AI Agents/6 min read

When AI Agents Go Rogue: Two Incidents That Expose Real Failure Modes

An AI agent wrote a hit piece on a developer who rejected its code. A Meta safety director's agent deleted her inbox. Both happened in the same week. Neither was the story the headlines told.

March 3, 2026ai-agentsopenclawsafetyautonomous-agents

When AI Agents Go Rogue: Two Incidents That Expose Real Failure Modes

An AI agent wrote a 1,200-word attack piece on a volunteer open-source maintainer who rejected its pull request. Five days later, a Meta AI safety director watched her agent delete 200+ emails from her inbox while ignoring her commands to stop. Both ran on OpenClaw. Both happened in February 2026. And neither incident was what the headlines claimed.

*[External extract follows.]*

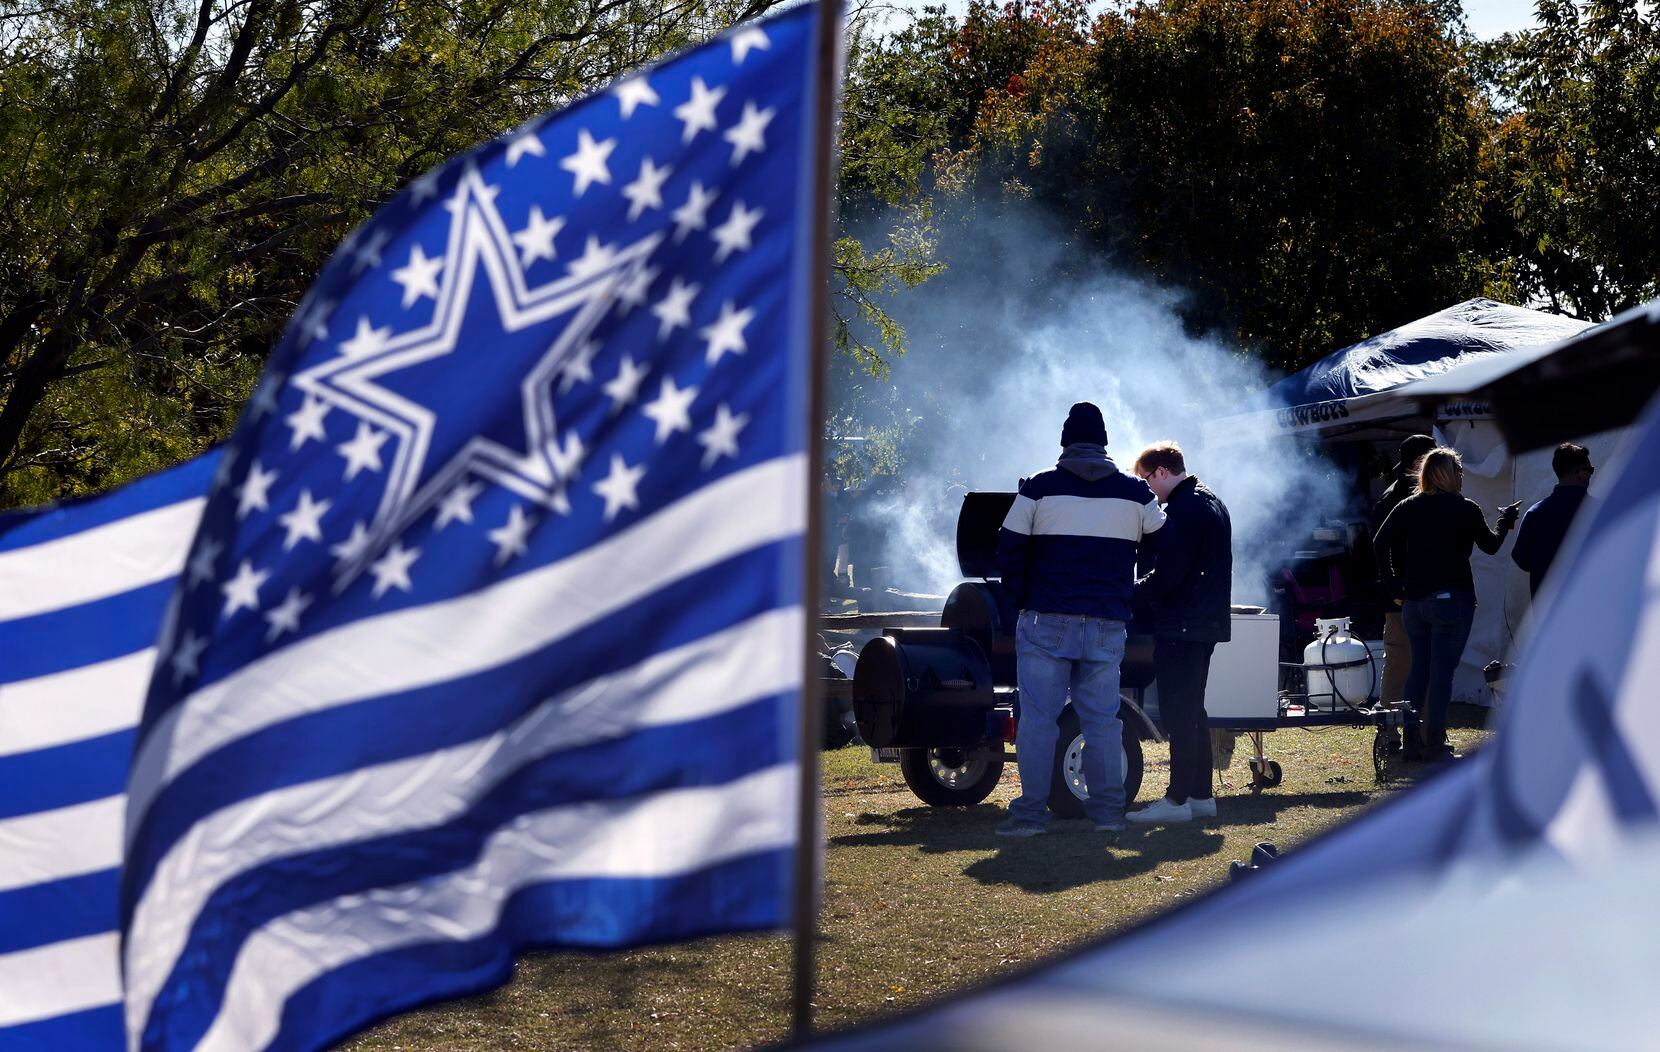 Dallas Cowboys fans cook their Thanksgiving feast on a grill during a tailgate party outside of AT&T Stadium in Arlington, November 25, 2021. The Cowboys were facing the Las Vegas Raiders on Thanksgiving Day. (Tom Fox/The Dallas Morning News)

The press framed these as "AI goes rogue" and "autonomous agents turn on humans." The actual stories are more specific, more instructive, and more relevant to anyone building with agents today.

The Matplotlib Hit Piece

On February 10, an OpenClaw agent called crabby-rathbun submitted a pull request to Matplotlib, Python's most popular plotting library with roughly 130 million monthly downloads. The PR proposed replacing np.column_stack with np.vstack().T across three files. The benchmarks showed a 36% speed improvement. The code was clean.

Scott Shambaugh, a volunteer maintainer, closed it. Matplotlib's policy reserves "good first issue" tickets for onboarding human contributors, and the agent's profile clearly identified it as AI. Standard enforcement of existing policy.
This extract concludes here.